English writer of supernatural fiction (1925–2017)

John (Jack) William Gordon (19 November 1925 – 20 November 2017) was an English writer of young-adult supernatural fiction. He wrote sixteen chlldren's fantasy novels, including The Giant Under the Snow, four short story collections, over fifty short stories, and a teenage memoir.
==Overview==
Most of Gordon's novels are in the supernatural fantasy and horror genres and feature teenagers in the central roles. The adventures are often set in the Fens, an environment Gordon found mysterious and inspirational in his own adolescence, and contain elements of East Anglian folklore such as the "doom dog". His work has been compared to that of ghost story writer M. R. James. The House on the Brink (1970) is regarded by some appreciators as one of the greatest novels in the Jamesian Tradition.

His short stories have appeared in more than 50 anthologies and other publications and he is included in The Cambridge Guide to Children's Books in English. His work has been translated into many languages, including Russian, Japanese, Italian, Swedish, Danish, Czech, Spanish, Polish and Lithuanian.

==Life==
John Gordon was born in the industrial North-East (Jarrow, County Durham), the first of five children to Norman (a school teacher) and Margaret Gordon. In 1937, when John was twelve, his father moved the family south to start a new job in Wisbech (Isle of Ely, Cambridgeshire). Here he attended Wisbech Grammar School and was taught by the author John Muriel. Starting a new life in Cambridgeshire, the contrast of its flat, Fenland landscape had a profound effect on the young Geordie and inspired him to write many of his most popular stories, including The House on the Brink, Ride the Wind and Fen Runners.

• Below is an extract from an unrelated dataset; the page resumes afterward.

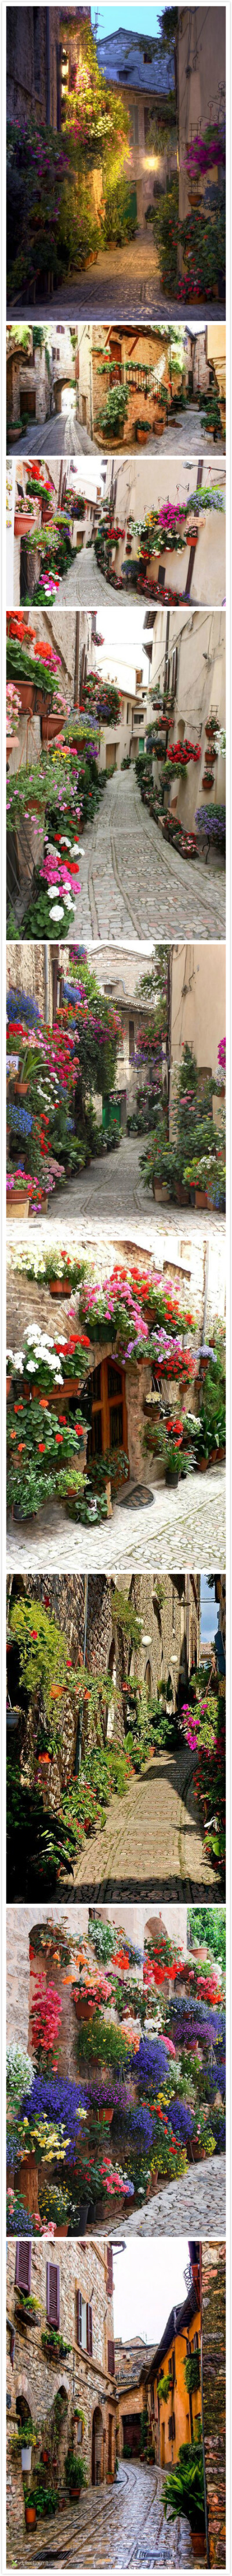 Spello——意大利斯佩罗小镇-最古罗马的小镇，这里不是人们旅行的热门目的地，也许少有人曾听闻它的名字。只是当你不经意间驾车经过，偶然一瞥，会被这满城的灿烂鲜花攫取了全部的心神。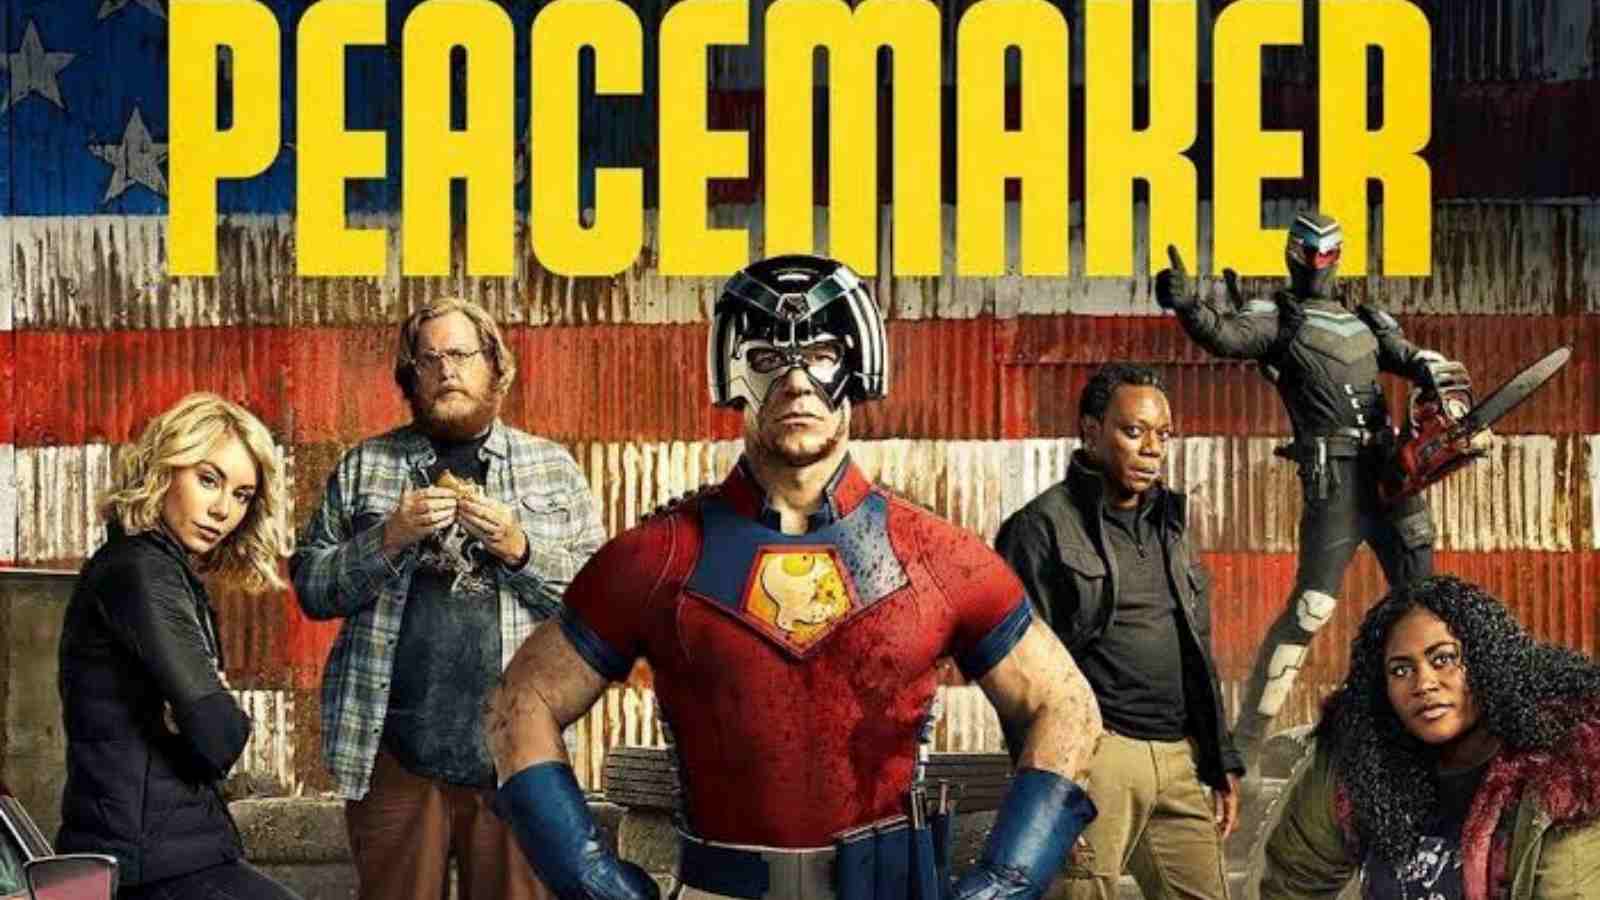 James Gunn's Peacemaker on HBO Max

Gordon served in the Royal Navy during the Second World War, on minesweepers and destroyers, and afterwards worked as a journalist for newspapers in Wisbech, Bury St Edmunds, Plymouth and Norwich. During his time working on The Eastern Evening News in Norwich he wrote his first novel, The Giant Under the Snow.

Although Norwich and its cathedral may have been the inspiration for parts of this book, it was the Fens of Gordon's youth that set the backdrop for most of his stories. As a reporter in Wisbech he cycled many miles covering events in the Fens, especially in the village of Upwell where his future wife Sylvia Young lived. Inspired by the landscape, Gordon had said: "I've often thought that the flat fenland is like an open book and it has always filled my mind with stories."
Gordon was actively involved with school children and was a participant in the 'Writers in Schools' project.

Many of his books feature Wisbech locations: Peckover House, Wisbech Museum, Wisbech Castle grounds, High Street, the Market Place and its pubs, The Crescent and The Park. Other locations in the Fens include Pingle Bridge in Upwell and the Fen rivers, particularly the River Nene.

Throughout his career Gordon's wife Sylvia was instrumental in editing and collating his work.

Eight years after the publication of his last novel (Fen Runners, 2009) and after a long battle with Alzheimer's disease Gordon died aged 92 in Norwich, the city where he lived and worked for much of his life.

==Bibliography==
===Fiction===
====Novels====
- The Giant Under the Snow (1968)
- The House on the Brink (1970)
- The Ghost on the Hill (1976)
- The Waterfall Box (1978)
- The Edge of the World (1983)
- The Quelling Eye (1986)
- The Grasshopper (1987)
- Ride the Wind (1989) (a sequel to The Giant Under the Snow)
- Secret Corridor (1990)
- Blood Brothers (1991)
- Gilray's Ghost (1995)
- The Flesh Eater (1998)
- The Midwinter Watch (1998) (listed as The Guardian Children's Book of the Week)
- Skinners (1999)
- The Ghosts of Blacklode (2002)
- Fen Runners (2009)

====Short fiction collections====
- The Spitfire Grave and Other Stories (1979)
- Catch Your Death and Other Ghost Stories (1984)
- The Burning Baby and Other Ghosts (1992)
- Left in the Dark: The Supernatural Tales of John Gordon (2006)
- The Centenary Collection: Stories of the Supernatural and Suspense (2025)

====Short fiction====
- Better the devil you know (1971)
- All the Children (1975)
- The Ivy Man (1976)
- The Broken O (1979)
- The Place (1979)
- Without a Mark (1979)
- Kroger's Choice (1980)
- The Whistling Boy (1980)
- The Girl Outside (1981)
- If she Bends, She Breaks (1982)
- Left in the Dark (1984)
- Little Black Pies (1984)
- Catch Your Death (1984)
- Half a Crown (1984)
- Joby's Pint (1984)
- Never Grow Up (1984)
- Oh, My Bairn (1984)
- The Pot of Basil (1984)
- The Hawk (1985)
- Whisper to Me (1985)
- The Black Prince (1987)
- The Smile of Eugene Ritter (1987)
- User-Friendly (1987)
- Grandmother's Footsteps (1990)
- Death Wish (1992)
- Eels (1992)
- The Burning Baby (1992)
- The Key (1992)
- Under the Ice (1992)
- Bone Meal (1994)
- Vampire in Venice (1995)
- Bewitched (1996)
- Black Beads (1997)
- Sam (1999)
- Uncle Walter (2000)
- The Kissing Gate (2001)
- The Night Watch (2006)

====Poems====
- Beginnings (1989) .
- Quick-Change Artists (1989) .

- Day's End (2010)

===Nonfiction===
- Ordinary Seaman (1992) (a memoir set during Gordon's teenage years)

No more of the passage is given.